Exclude the images, then return every line below exactly as written.

* _Data below_:
========

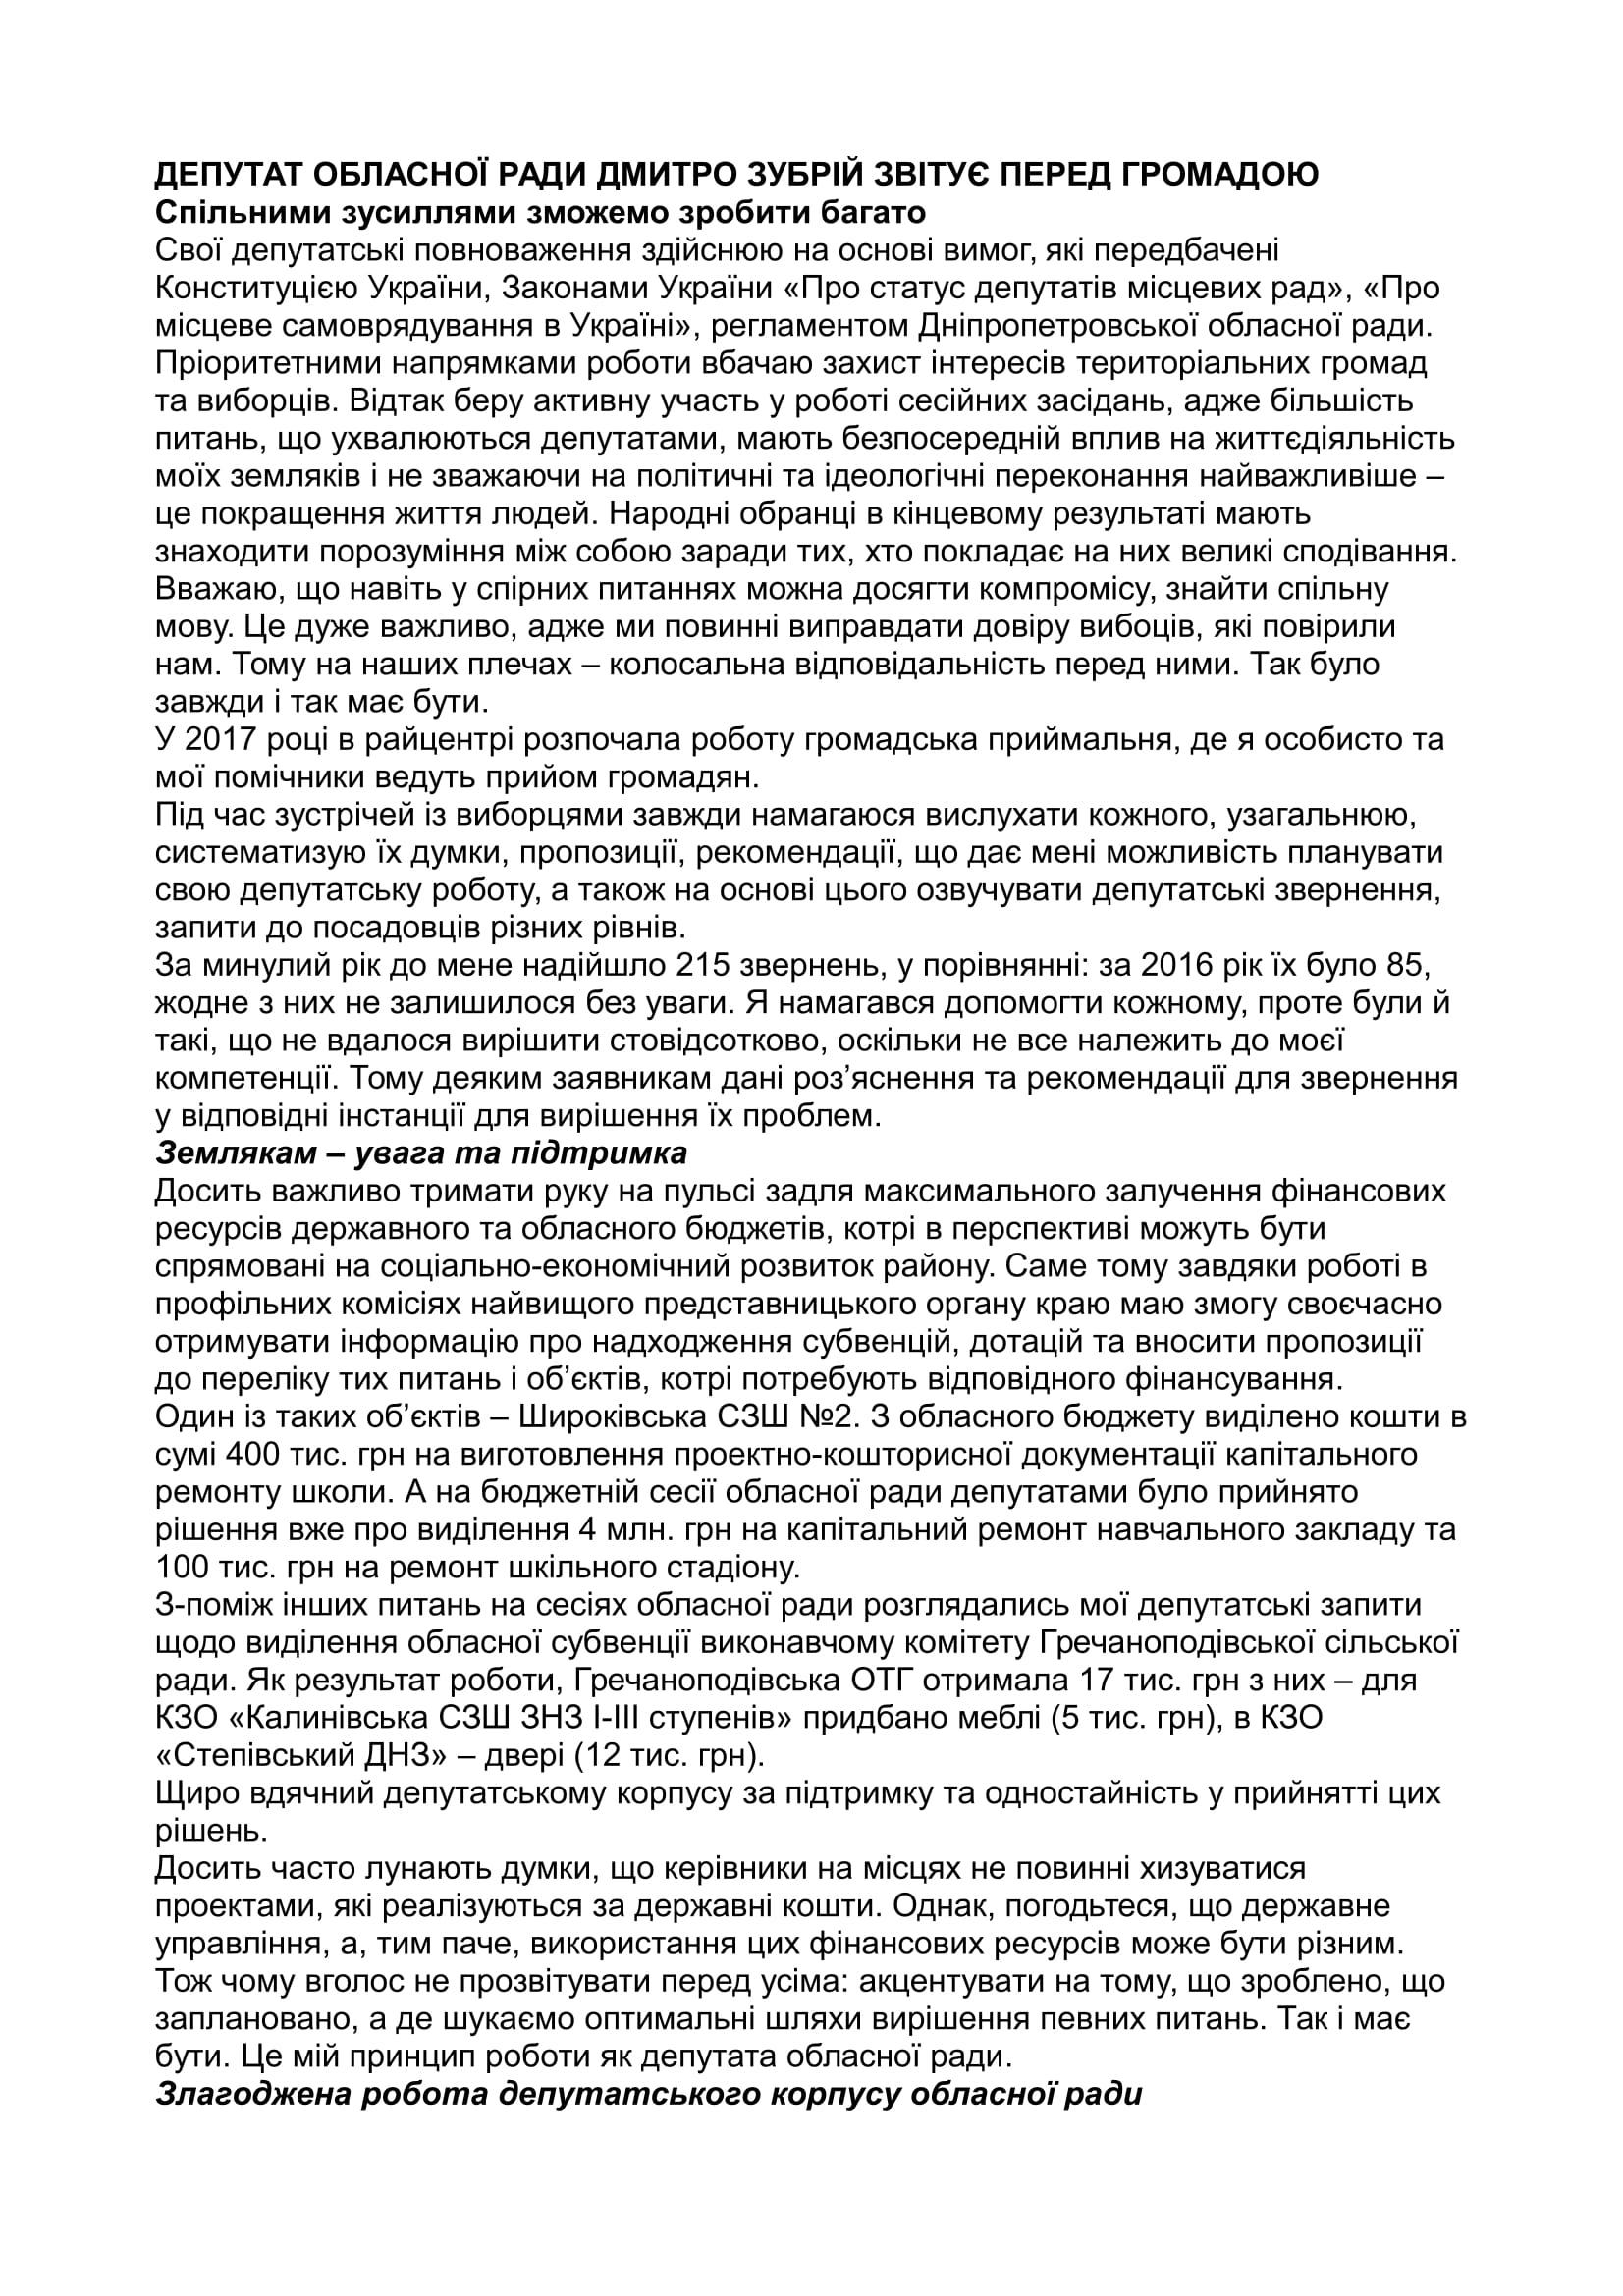 ДЕПУТАТ ОБЛАСНОЇ РАДИ Зубрий-1
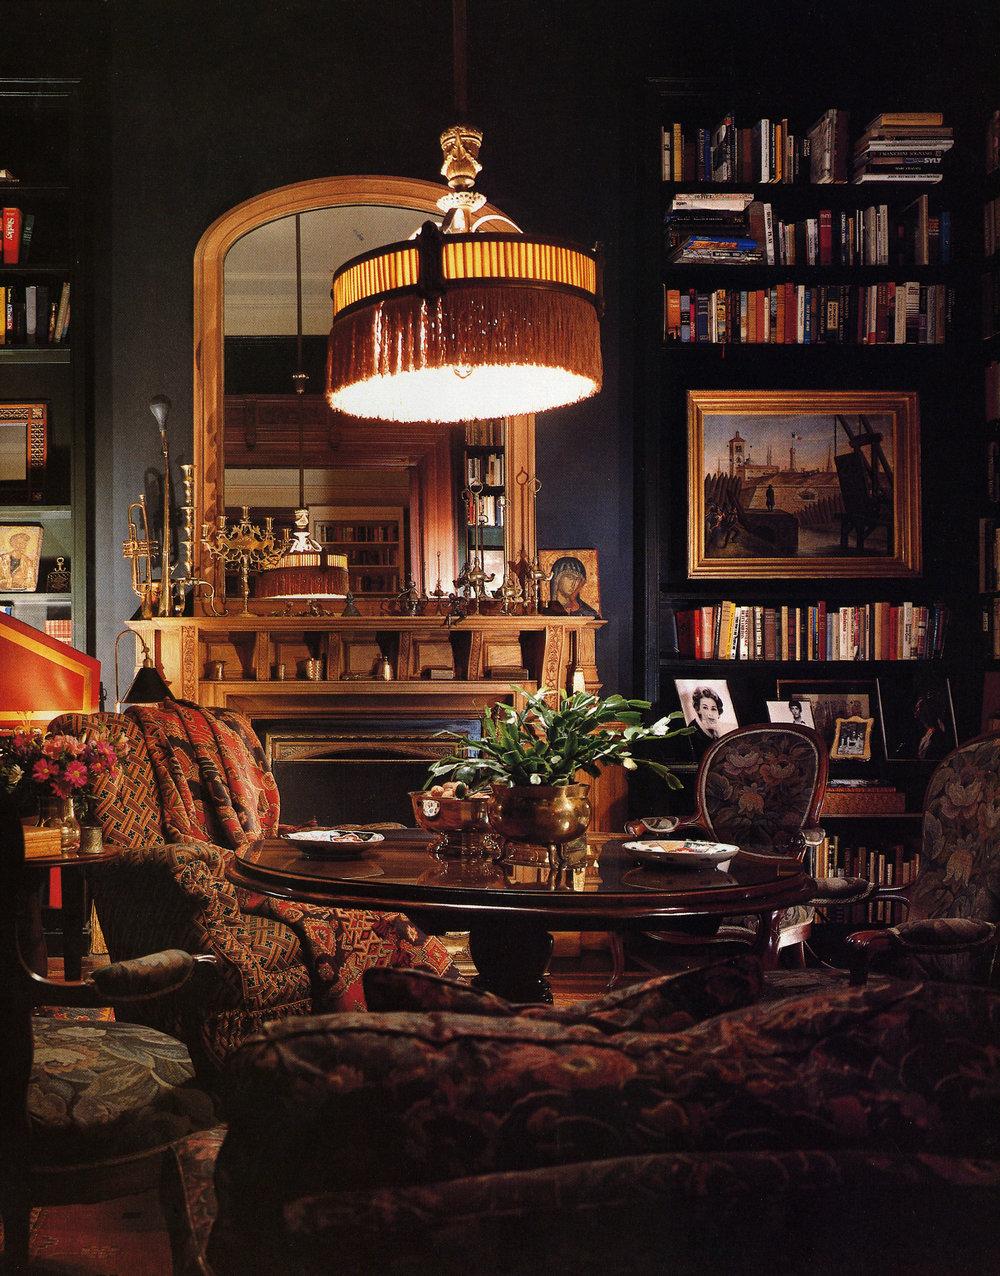 gail-jacobs-leonard-bernstein-apartment_25130626685_o.jpg
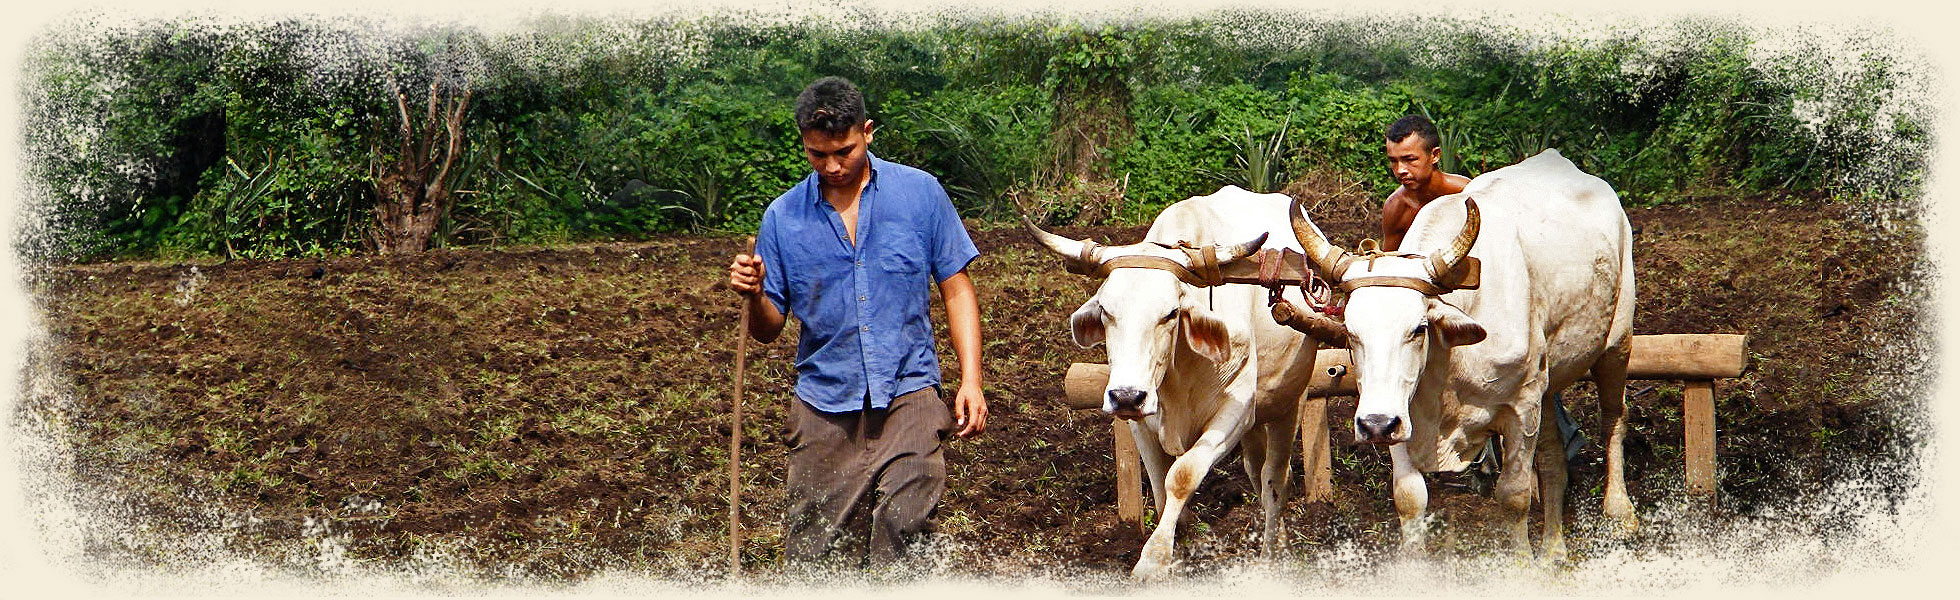 Real Fair Trade Organic Cotton Clothing

========

* _Response for this exercise_:
 ДЕПУТАТ ОБЛАСНОЇ РАДИ Зубрий-1
 gail-jacobs-leonard-bernstein-apartment_25130626685_o.jpg
 Real Fair Trade Organic Cotton Clothing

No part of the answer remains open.